There was a family undertaking the rituals of preparing the body before cremation and I watched from atop a hill as the family grieved and laid garlands of marigolds over the body, the golden colour reflective of the god Vishnu, the Protector.

The grey river, clogged with debris, and exceptionally polluted, still worked tirelessly to sweep away the ashes and provide the holy water which would secure the deceased a space in heaven.  Caught in the current were some golden orange strands of fabric that clung to a muddy stick and fanned the current along.
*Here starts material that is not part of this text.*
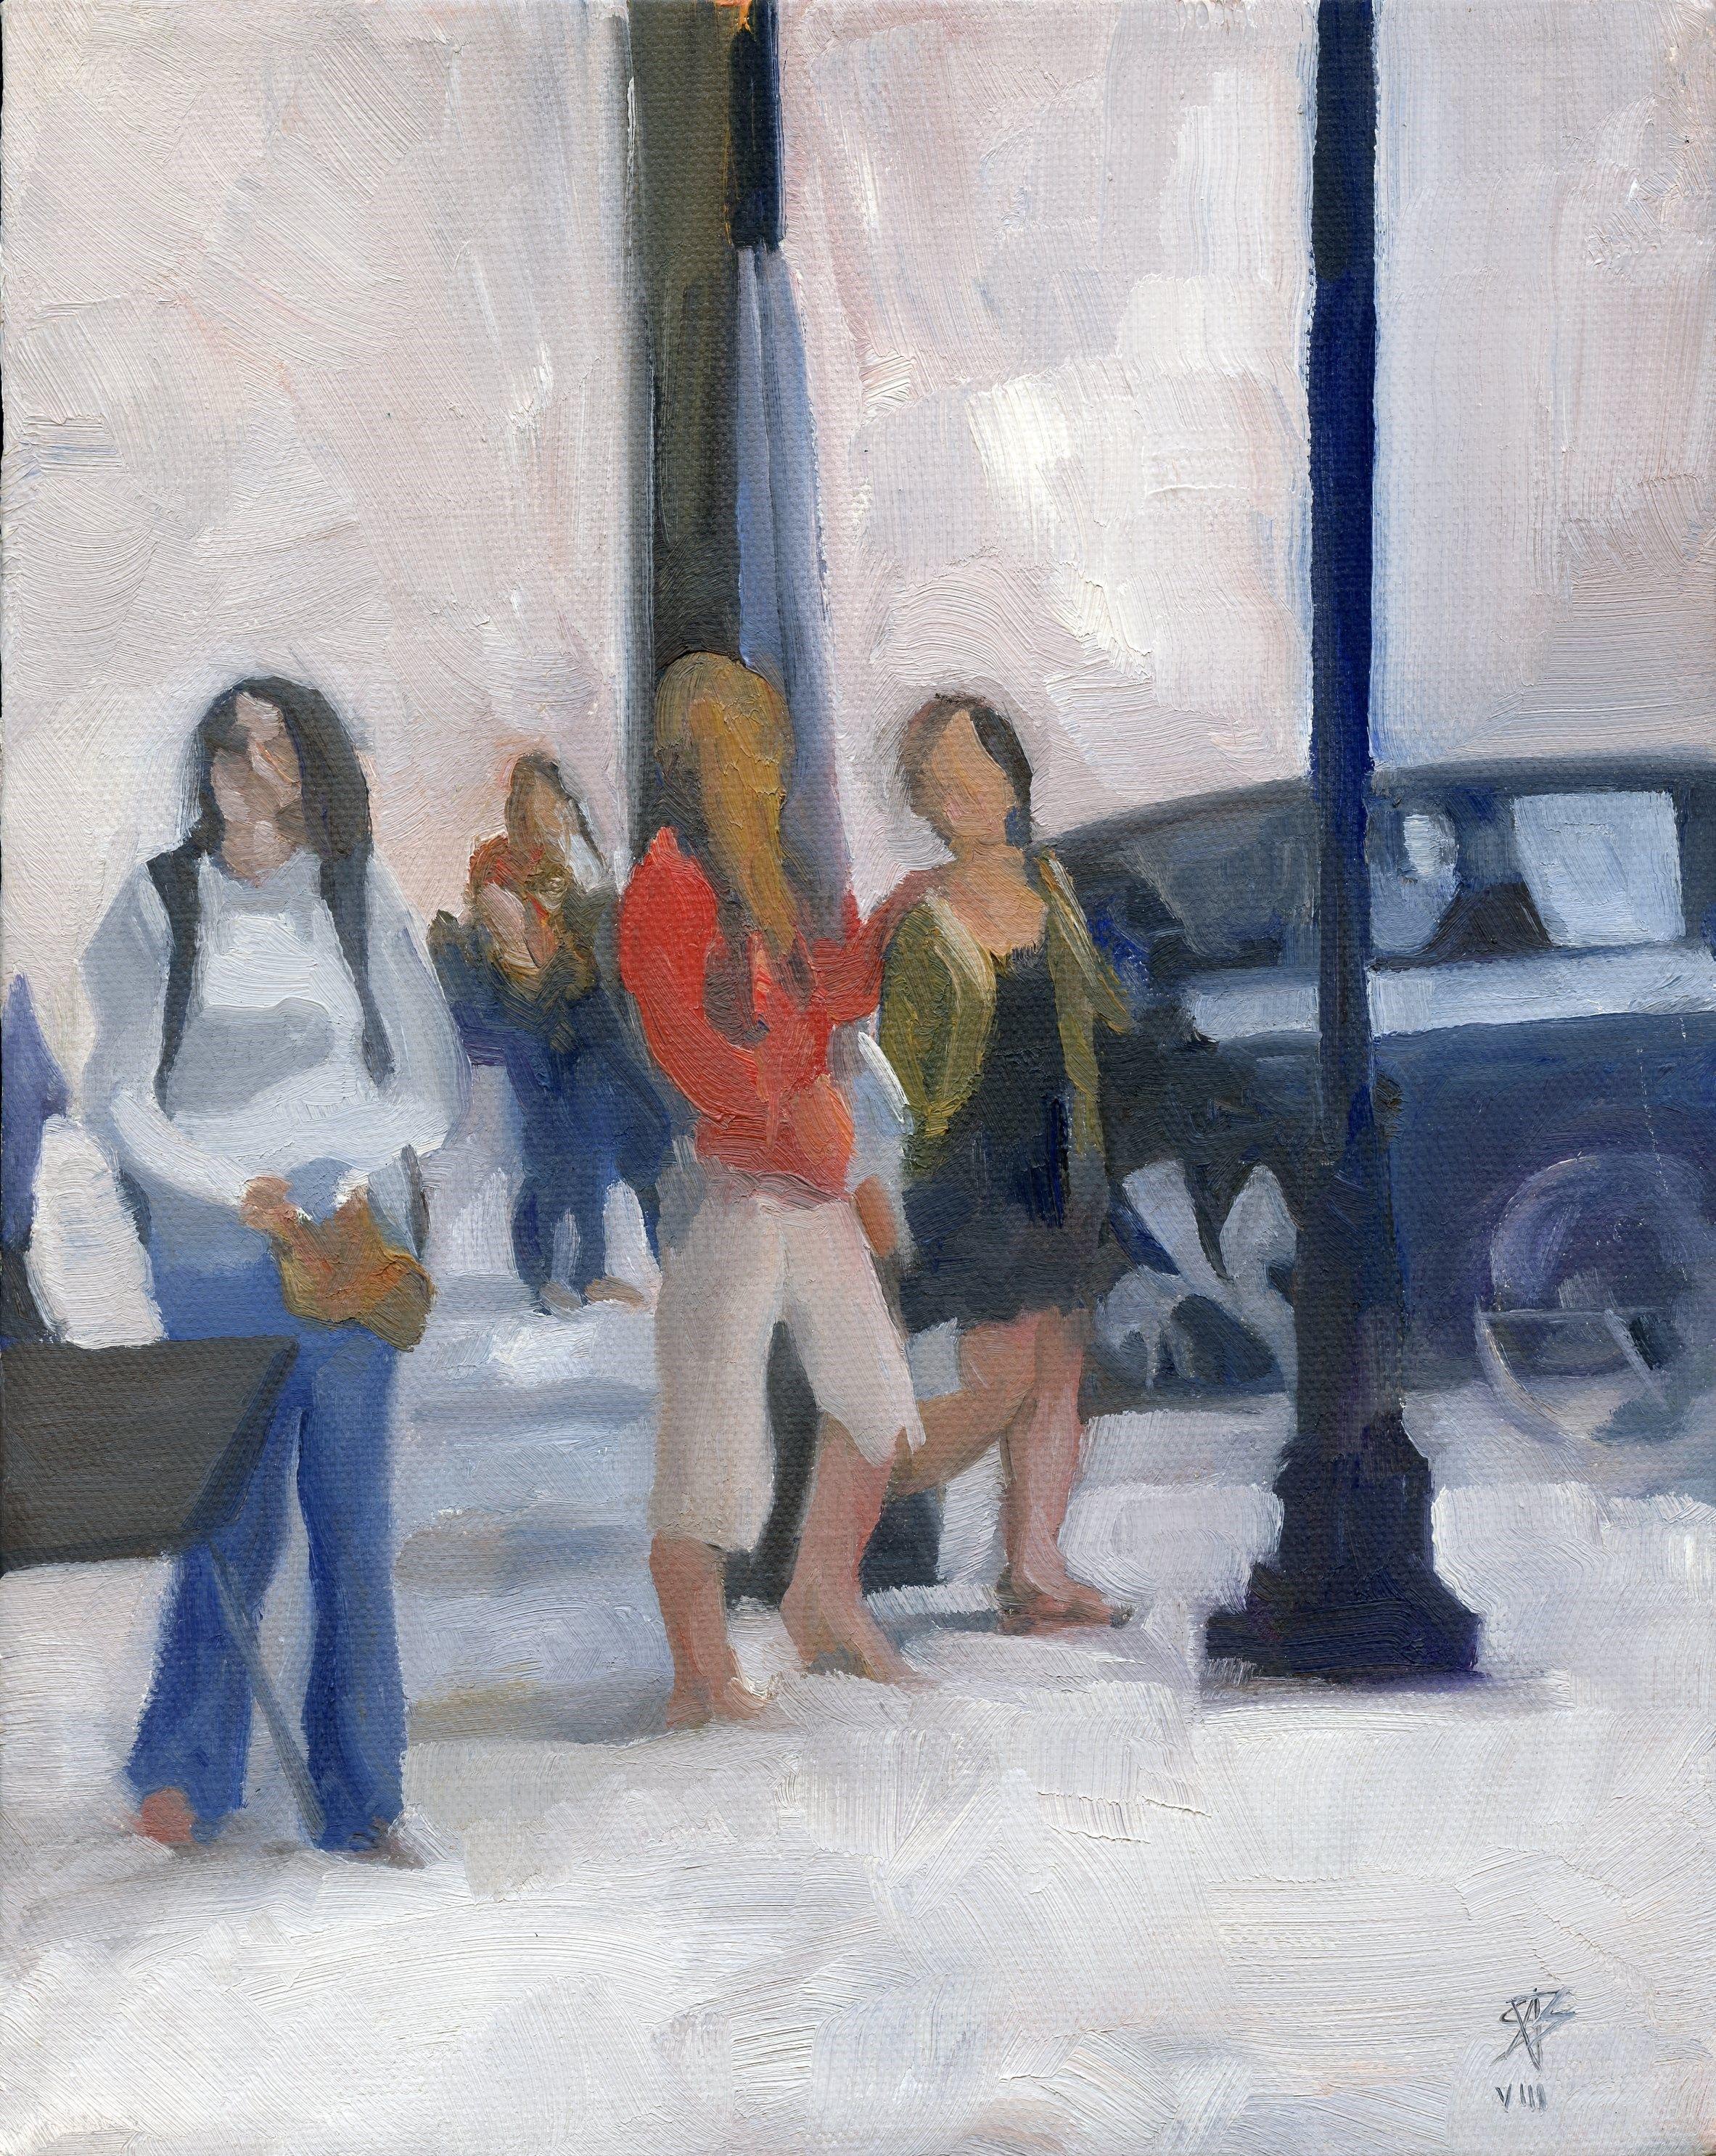 This is an atmospheric view of people walking near the campus of the University of Pittsburgh. The bright red jacket acts as a focal point in a largely monochromatic environment. :: Painting :: Contemporary :: This piece comes with an official

I watched this family closely and was reminded that although their grief was still fresh they were following a centuries old tradition that would protect and honour their family member in the after-life and that they too would one day be washed down the river towards a holier and more pure existence.  The actions were public, but the emotions were purely private and held solace for the grieving families.